**Brief**
Your output must be the lines below from the line containing "LIBYAN STUDIES SELECT" to the line containing "An elegant, antique", both lines included, reproduced exactly and without pictures.

**Material provided**

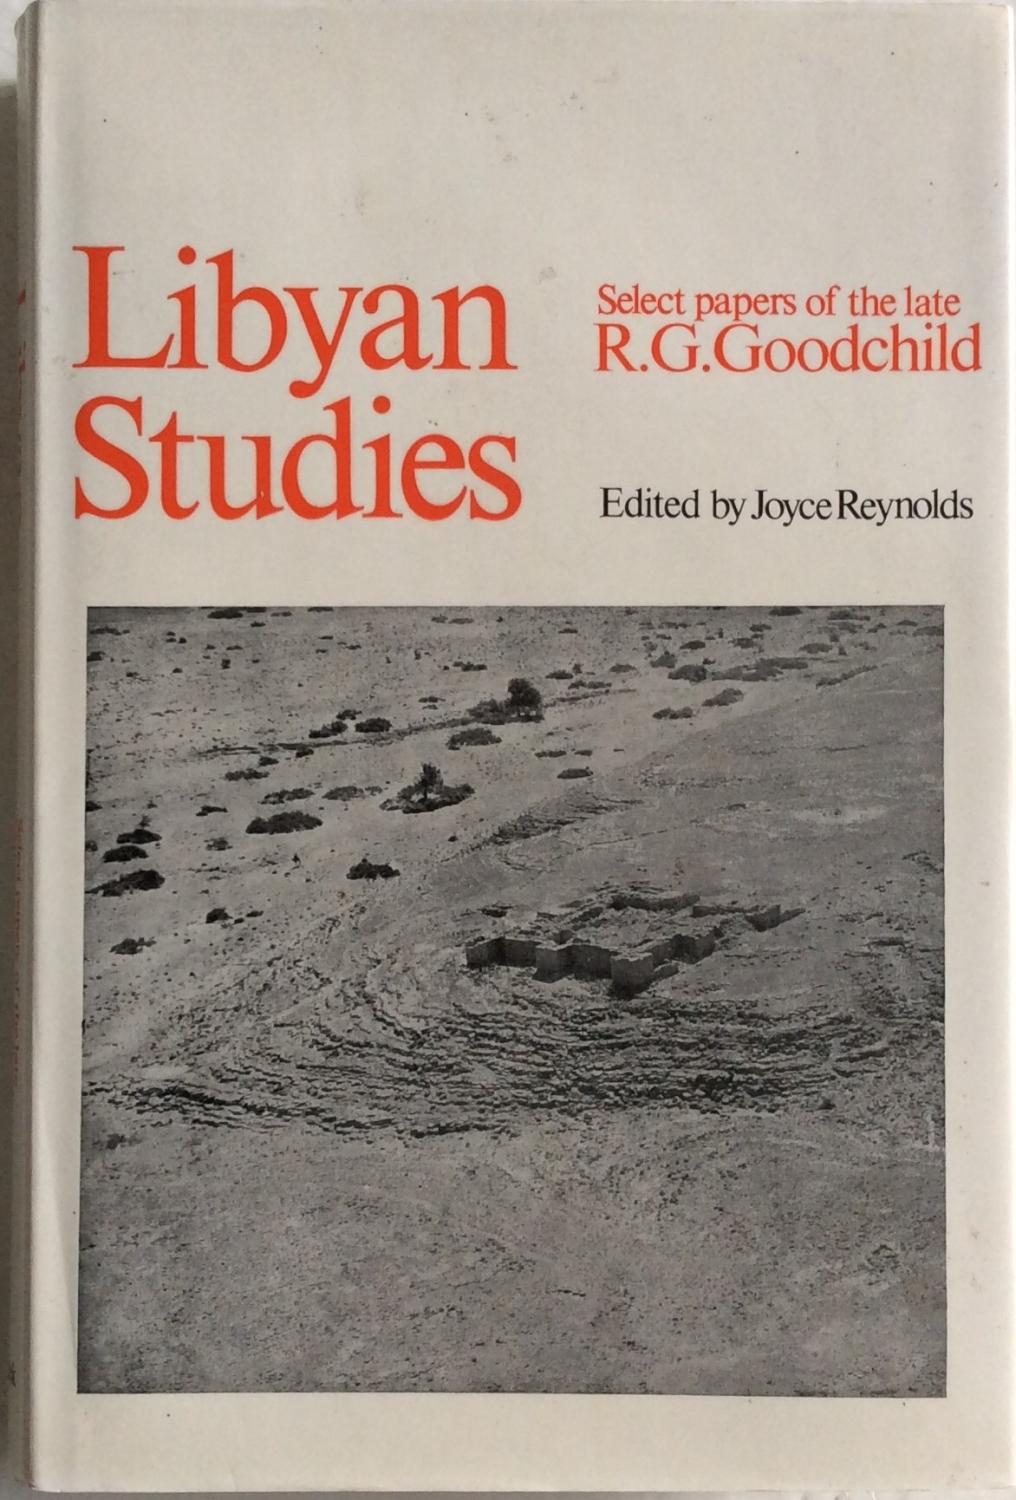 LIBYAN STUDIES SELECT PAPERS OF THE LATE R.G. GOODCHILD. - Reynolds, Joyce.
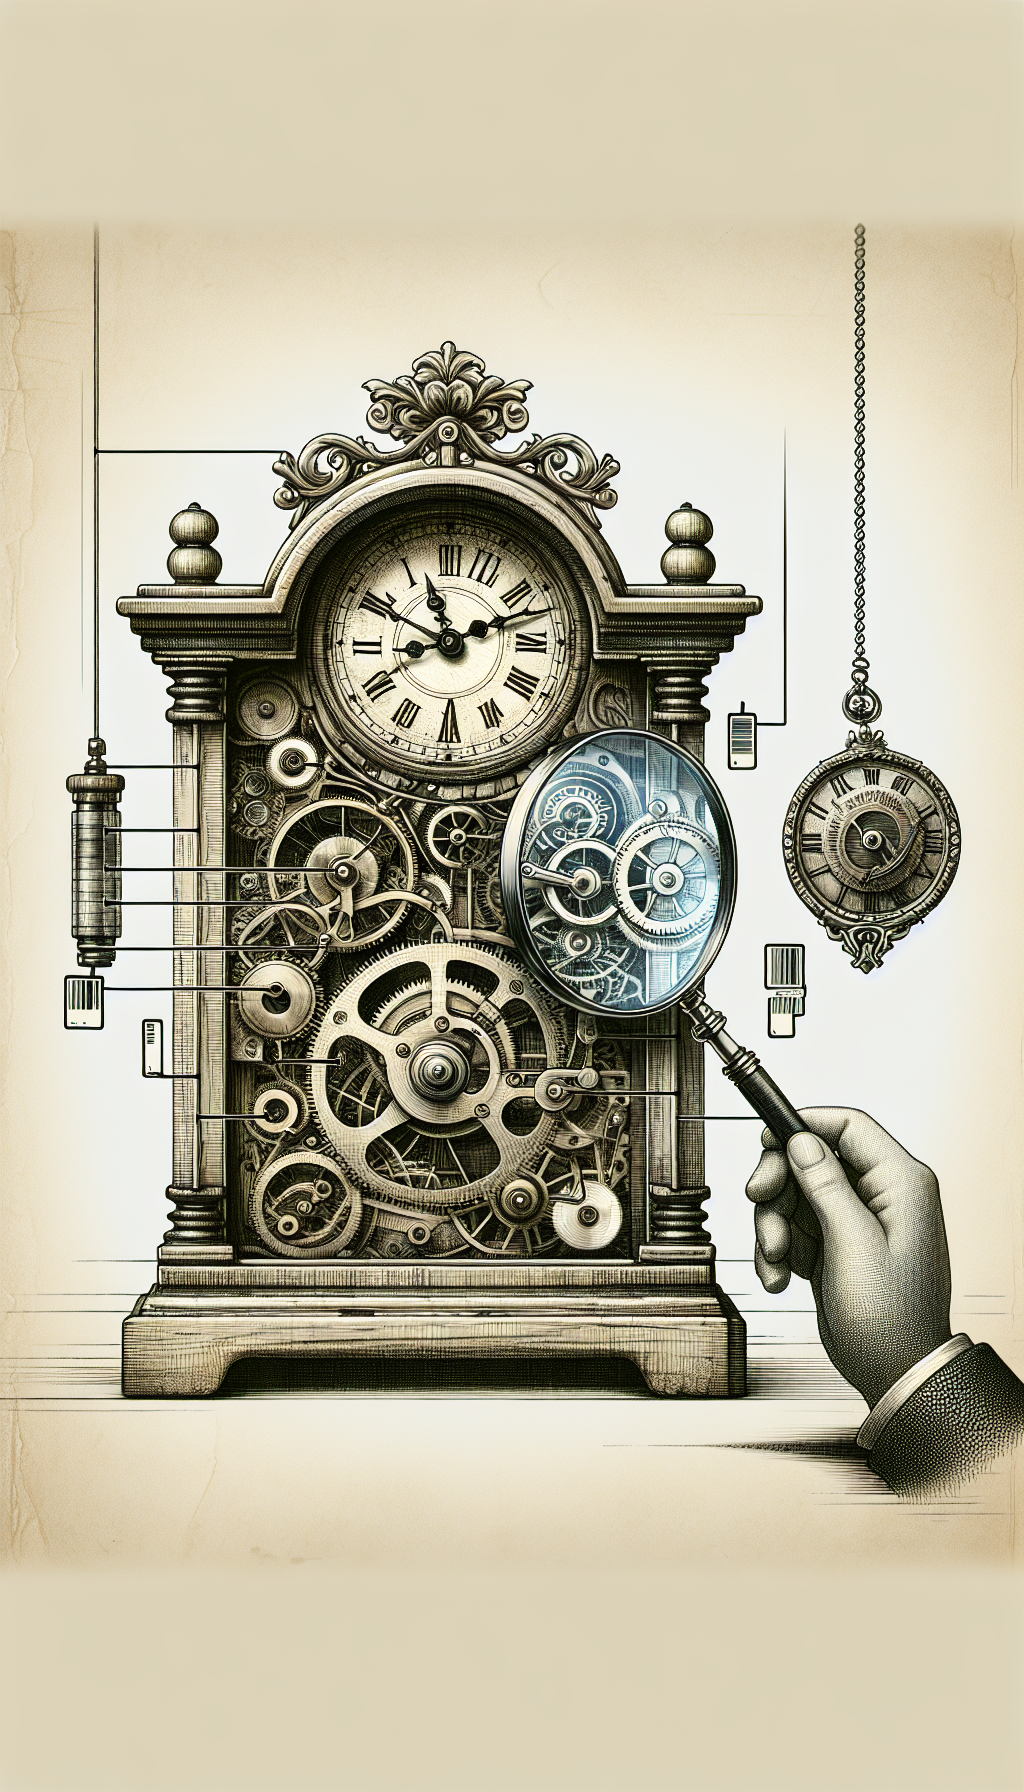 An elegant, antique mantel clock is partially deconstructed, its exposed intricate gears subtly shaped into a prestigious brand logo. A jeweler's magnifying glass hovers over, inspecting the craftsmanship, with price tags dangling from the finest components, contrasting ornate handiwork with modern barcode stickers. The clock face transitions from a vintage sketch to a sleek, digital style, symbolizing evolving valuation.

---

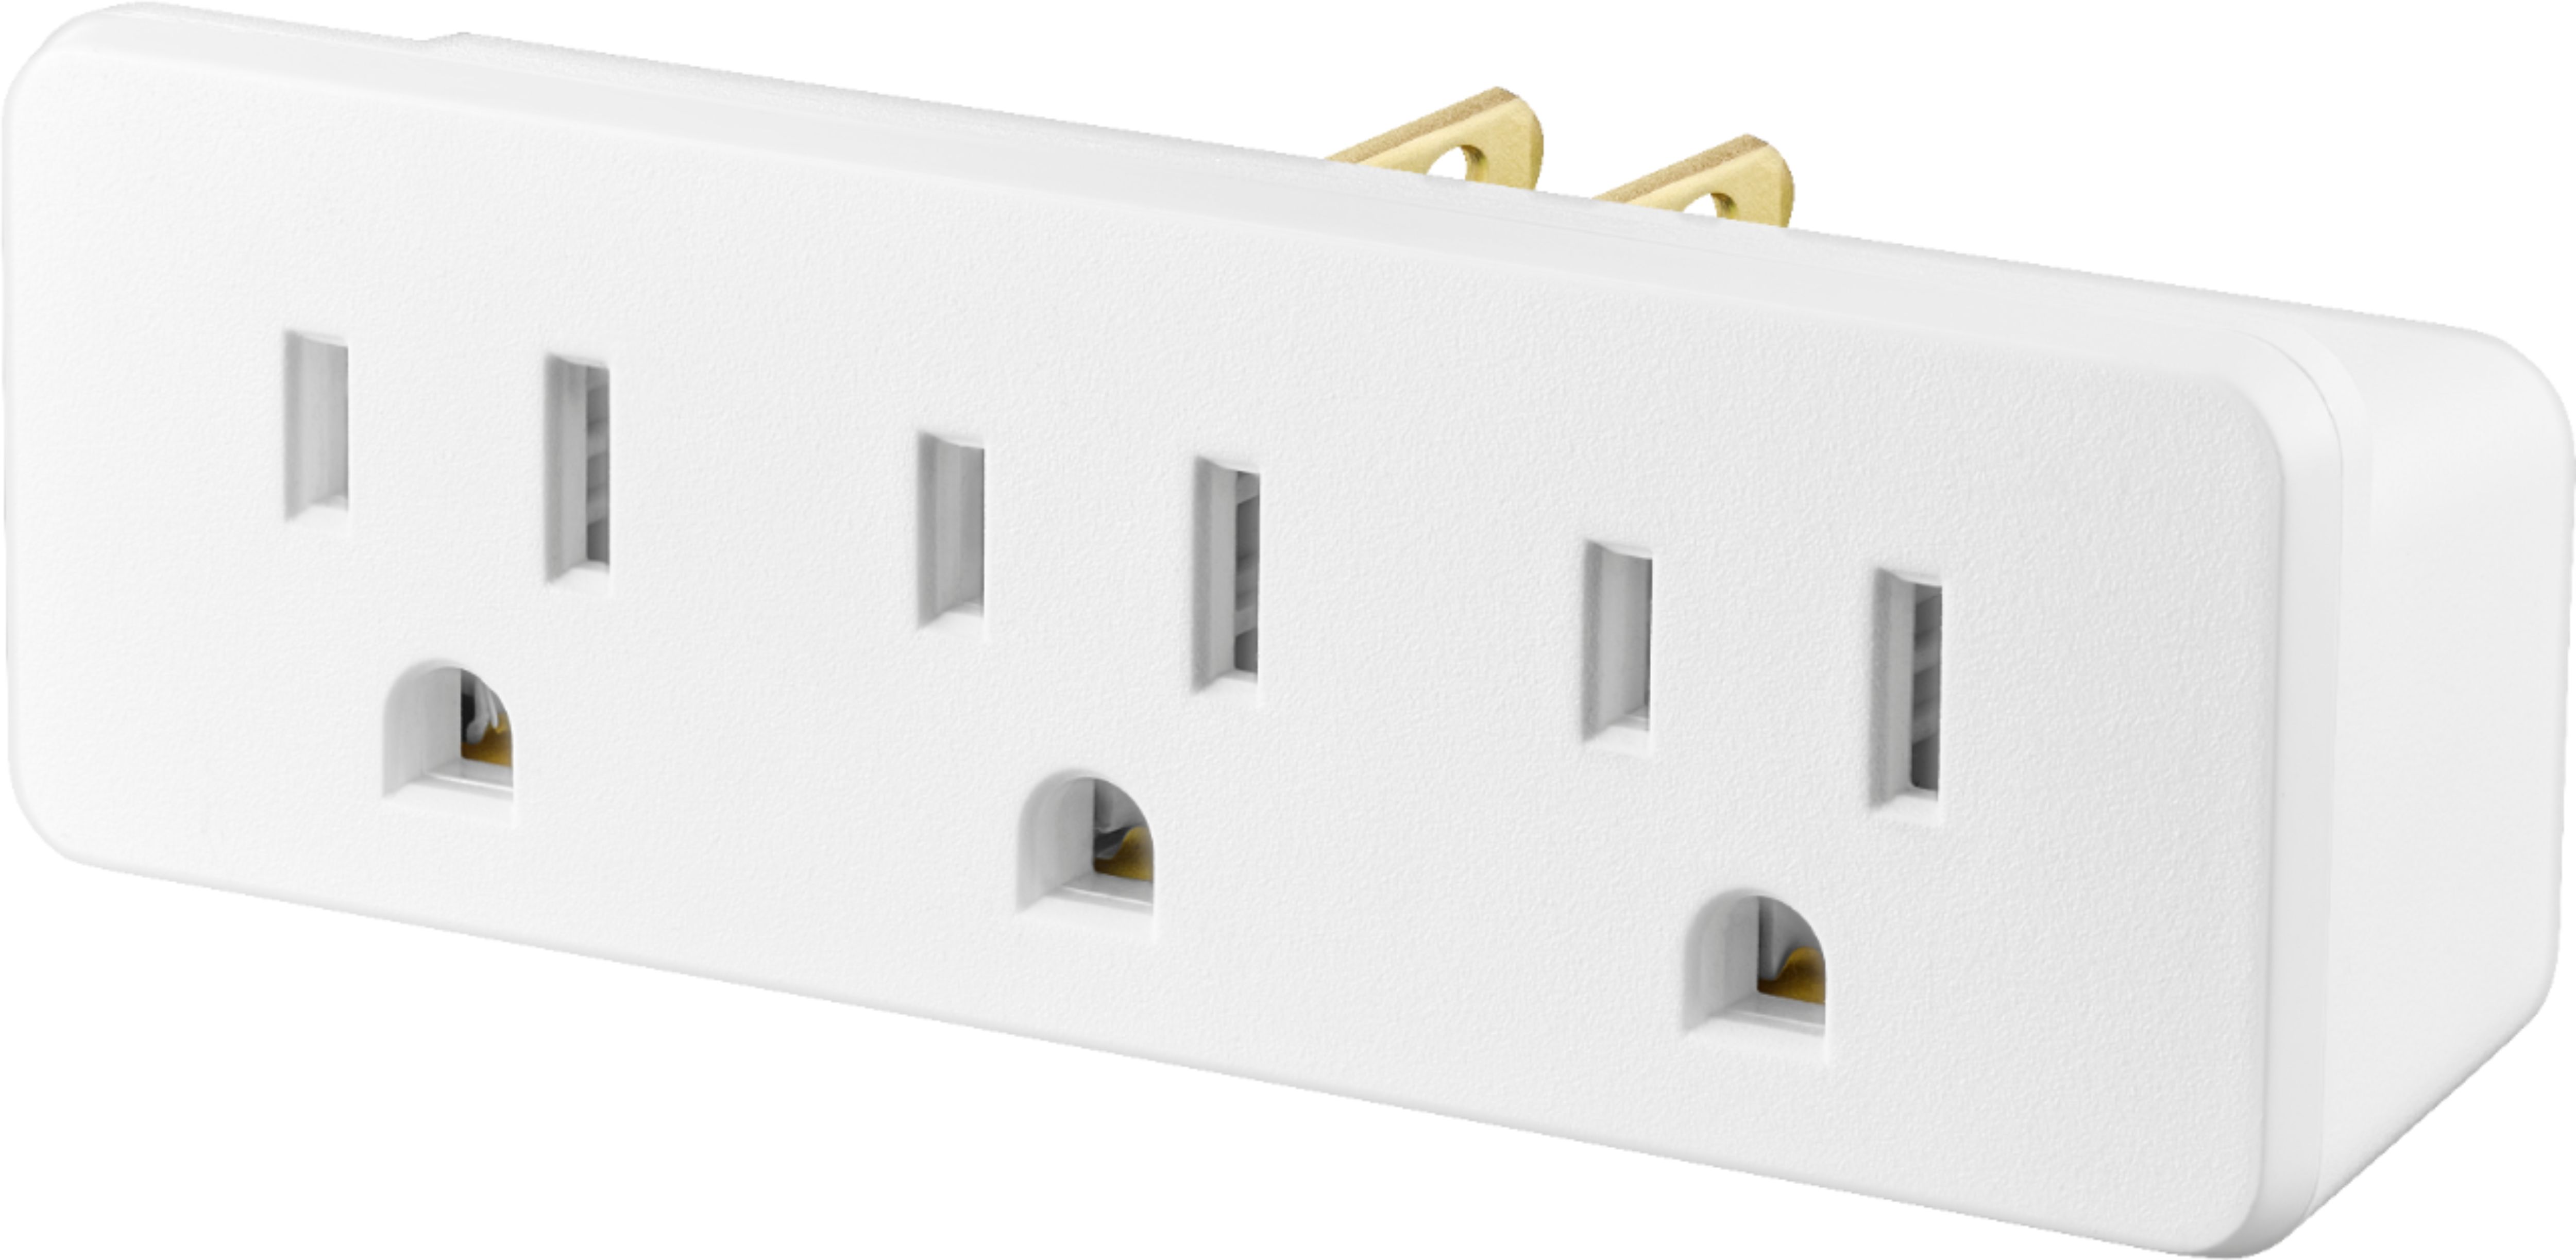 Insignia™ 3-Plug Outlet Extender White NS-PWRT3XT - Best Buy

**Finished task**
 LIBYAN STUDIES SELECT PAPERS OF THE LATE R.G. GOODCHILD. - Reynolds, Joyce.
 An elegant, antique mantel clock is partially deconstructed, its exposed intricate gears subtly shaped into a prestigious brand logo. A jeweler's magnifying glass hovers over, inspecting the craftsmanship, with price tags dangling from the finest components, contrasting ornate handiwork with modern barcode stickers. The clock face transitions from a vintage sketch to a sleek, digital style, symbolizing evolving valuation.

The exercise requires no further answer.